Pharmaceuticals & Biotech

How the right RWE platform serves up the ingredients for innovation

By ZS Author

Sept. 3, 2018 | Article | 6-minute read

How the right RWE platform serves up the ingredients for innovation


Many pharmaceutical companies have realized the benefits of moving from standalone real-world data (RWD) projects to full-fledged, cross-functional real-world evidence (RWE) capabilities to drive everything from their R&D programs to their commercial teams’ efforts to demonstrate value—and technology is central to their success. “Real-world evidence is essentially extracting intelligence out of real-world data, and now that we have the right technology, scalable cloud storage and tremendous processing power, we’re actually able to sift through big data to find those insights,” says Abhay Jha, a principal at ZS and the business technology lead in the firm’s R&D excellence practice. 

 

“Sift” is an appropriate term, given the analogy that Jha and his colleague Qin Ye, an associate principal at ZS who has helped multiple clients leverage RWD to address clinical development, HEOR, epidemiology and commercial decisions, use for pharma organizations’ RWE capabilities. They compare a well-designed RWE platform to a well-stocked kitchen, offering all of the “chefs” throughout a pharma organization the proper ingredients to innovate. Jha and Ye recently walked us through this analogy as we discussed the current state of RWE technology and what it takes to implement it successfully. Here are excerpts from our conversation.

 

Q: When it comes to RWE tech solutions, could both enterprise and individual functions’ needs be met at the same time? Is it possible for different teams with different needs to use the same technology at the center of a real-world evidence capability, or does that require different types of technology?

 

Qin Ye: If you set out with the right design philosophy, yes, it’s possible to build a platform that sits at the center to support everyone. You need to leverage the latest and greatest technology to handle big data at scale. You need to adopt common data standards and core capabilities to manage and curate data, and build with user-centric design.

 

A user-centric approach will help you see that there are common steps and tasks that all functions typically would undertake when they approach data, but then you also see their specific needs and workflows, the need for different insights. These groups do need different functionality. We built the foundation of our platform in a way that enables the enterprise-level capability to manage and curate the data collaboratively, and then we built function-specific applications that sit on top of that foundation.

 

Q: Where do companies need to be on the real-world evidence maturity journey before they’re ready to adopt an RWE technology solution?

 

QY: They need to have a strategic maturity, so a true RWE strategy. They need to think beyond just narrow functional needs.

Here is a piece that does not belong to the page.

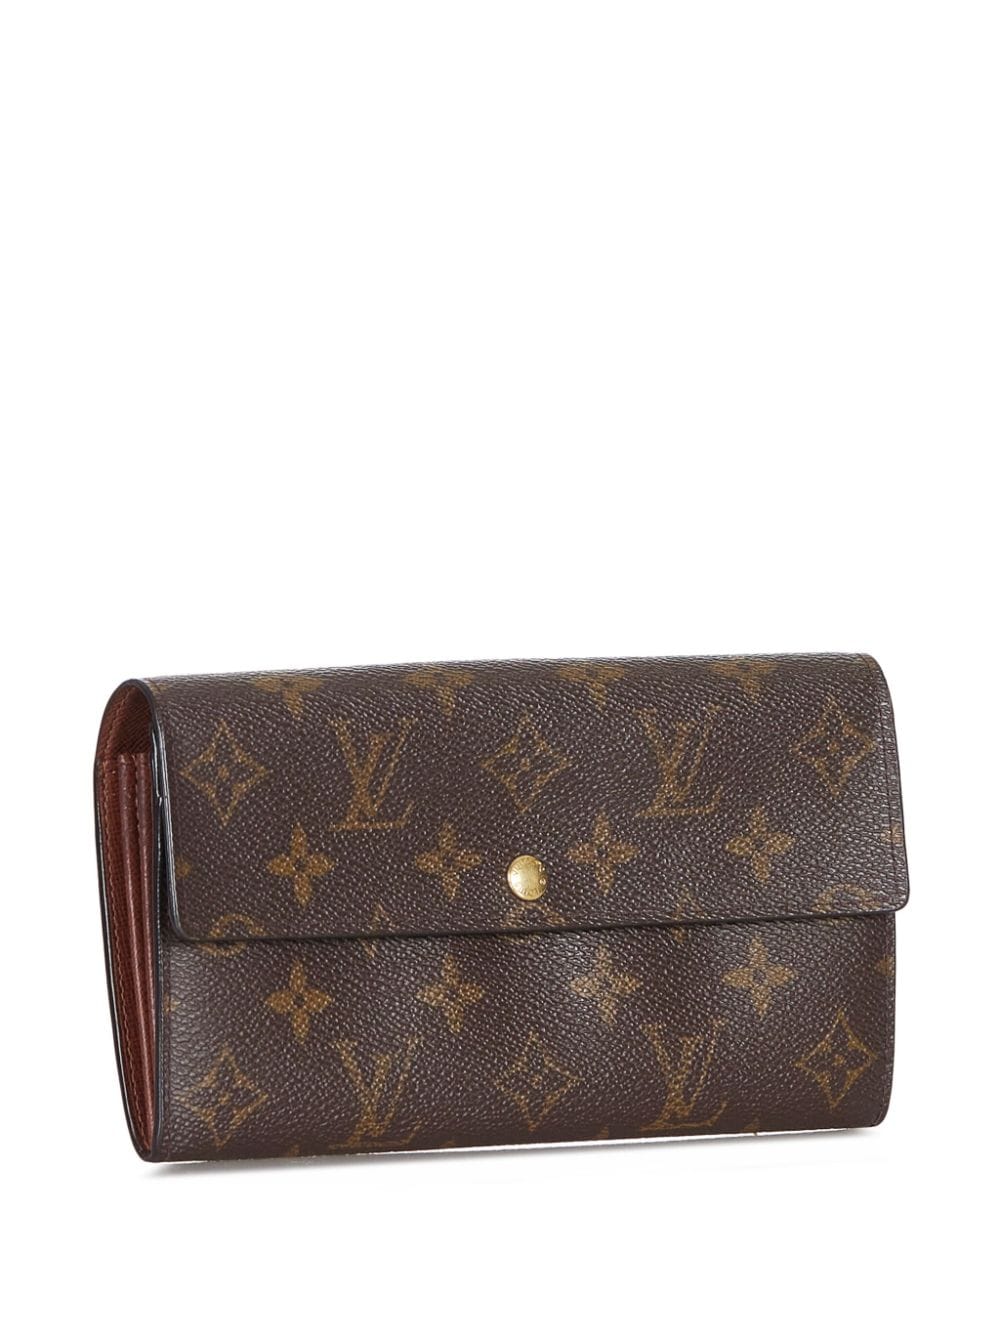 Louis Vuitton Portefeuille Sarah Canvas Wallet (pre-owned) in

They need an ecosystem to foster collaboration.

 

Abhay Jha: And an alignment between various functional heads, and an understanding that real-world data is something that needs to be explored further. At the senior leadership level, there needs to be alignment on the value of collaborating and the value of data-based decision-making to transform the status quo.

 

QY: And everyone needs to understand the objectives. Do you need to incorporate the use of real-world data into your teams’ daily processes to help them make decisions? Are you happy with every single study or project taking four to five months to complete or do you need something that can scale? Do you want to build a capability to generate high-quality and high-volume evidence that engages healthcare stakeholders at scale? Understand exactly what you want to do with the capability to shape where you are going.

 

Q: Do they need to change their operating models?



 

AJ: Even though we believe in having a single platform at the center of a real-world evidence capability, we’re not suggesting that innovation itself be centralized. We’re suggesting that innovation be federated. In other words, each functional group needs to do their own innovation and needs to have the flexibility of innovation, while the data and common intellectual assets like cohort definitions, vocabulary mappings and algorithms are all centralized.

 

The platform provides the support for innovation. It’s like a kitchen that has all of the ingredients. That doesn’t mean that the kitchen owner is the only one who creates recipes or cooks food. Every person or group can be the cook and can cook innovative new dishes. The RWE capability’s job is to provide a fantastic kitchen, wherein everyone has access to the same rich ingredients, but they can use them in different ways to make different foods to their liking.